A man who has two girlfriends at the same time usually has a lot of trouble. When Harold Courtney, a 23-year-old lorry driver, discovered this, the result was fatal to him.

Courtney’s troubles started when a group of schoolchildren stumbled across the body of 22-year-old Minnie Reid, a domestic, half hidden in bushes near the village of Derryane. Police then decided to interview Courtney, who everyone said was her boyfriend.

It soon emerged that he was engaged to another girl. Convinced that he killed Minnie to get her out of the way, police arrested him for murder.

At the Ulster Winter Assizes at Downpatrick in 1932, the Ulster Attorney-General put the prosecution’s case succinctly when he suggested that the motive for the murder was that Minnie Reid was about to become a mother.

He told the jury: “We know that during the time Courtney was keeping company with Minnie Reid he became engaged to a girl in Dunmurry. When you find that the man responsible for Minnie’s condition is about to marry into a decent family, then the birth of her child becomes highly inconvenient to him.

“There were three ways for him to get rid of Minnie Reid – money, marriage, or murder.”
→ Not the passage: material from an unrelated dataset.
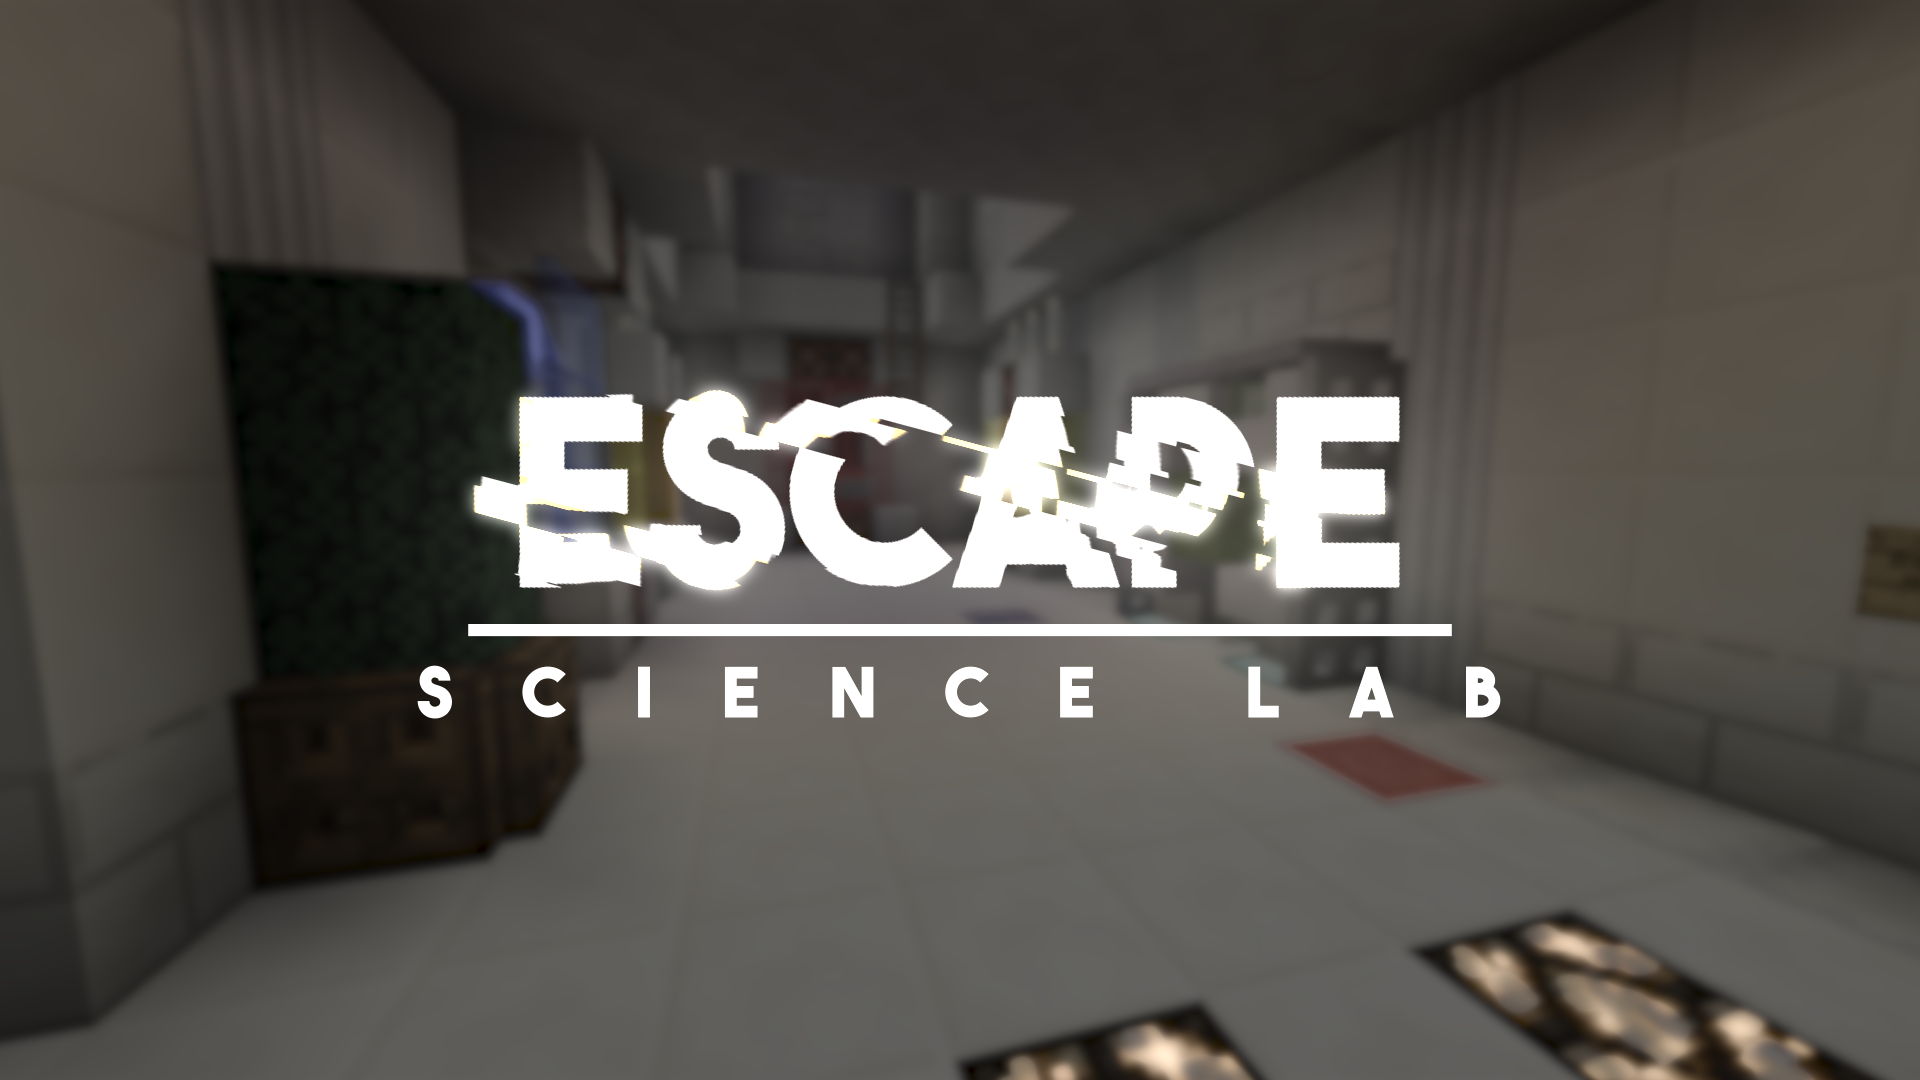 Escape: Lab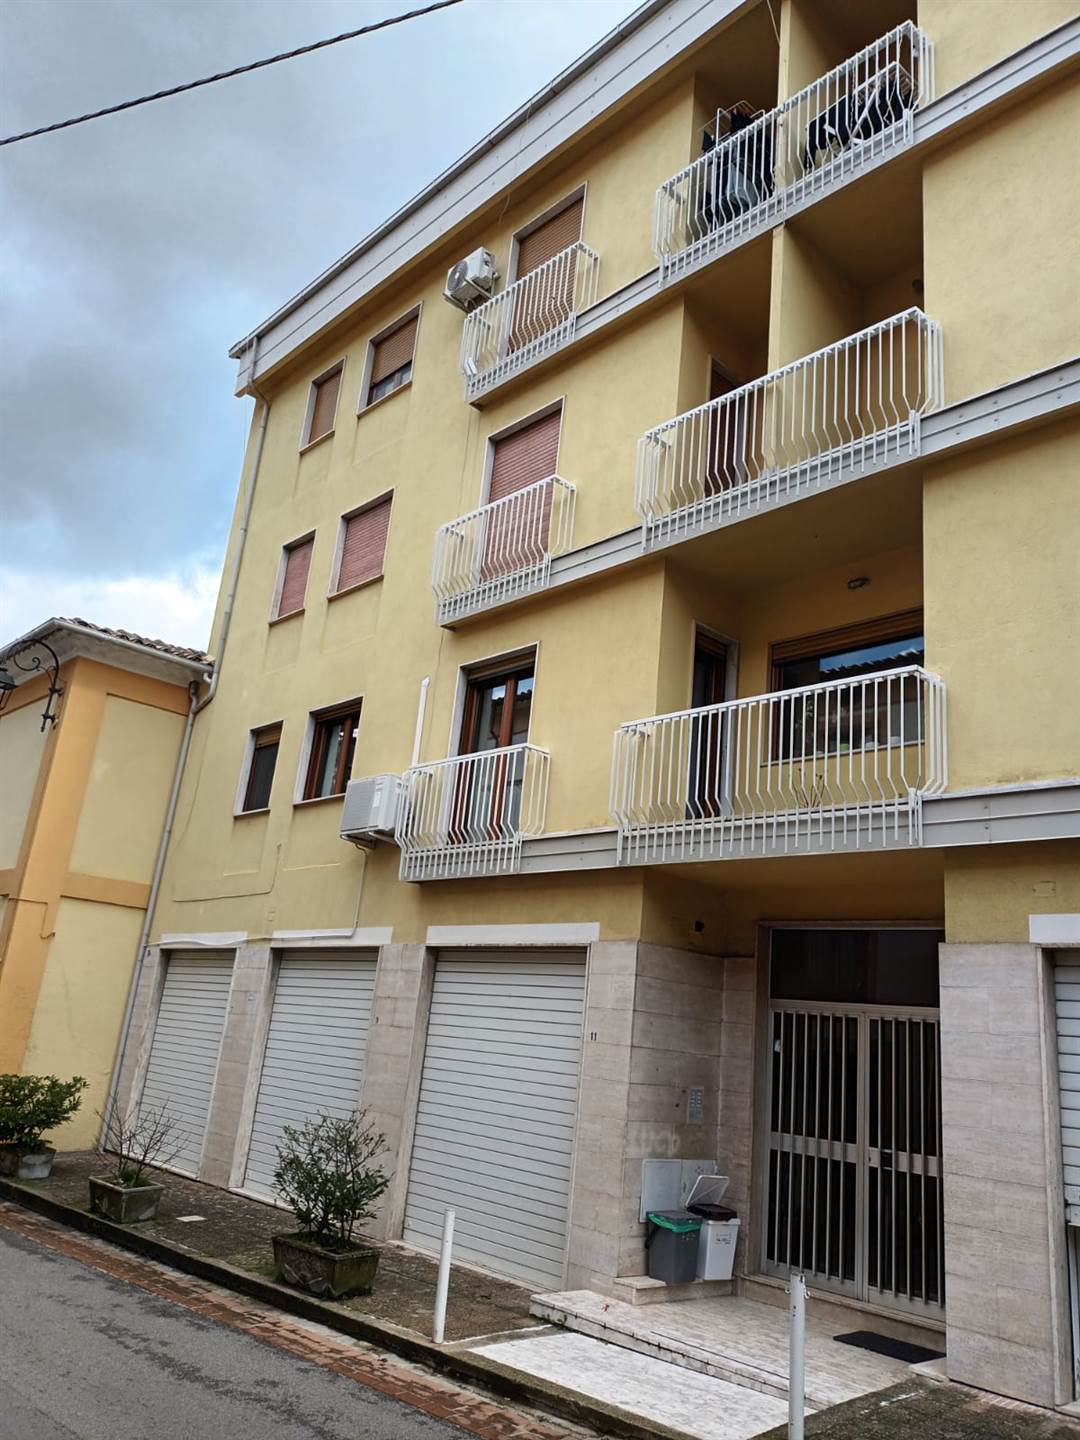 Appartamento in affitto a Mendicino, 3 locali, zona rio, prezzo € 400 | PortaleAgenzieImmobiliari.it

The prosecution contended that at 8 p.m. on July 27th, 1933, Courtney hired a car in Dungannon, went to Portadown, drove Minnie to the place where she was murdered, and arrived back at Dungannon at 10.15 p.m.

The jury agreed, adding a strong recommendation for mercy to their guilty verdict. But sentencing Courtney, the Lord Chief Justice told him: “I will pass on the jury’s view, but I should tell you that I profoundly disagree with them. You betrayed this girl, and then butchered her and her unborn child.”

Courtney was sentenced
to death and hanged on APRIL 7th, 1933.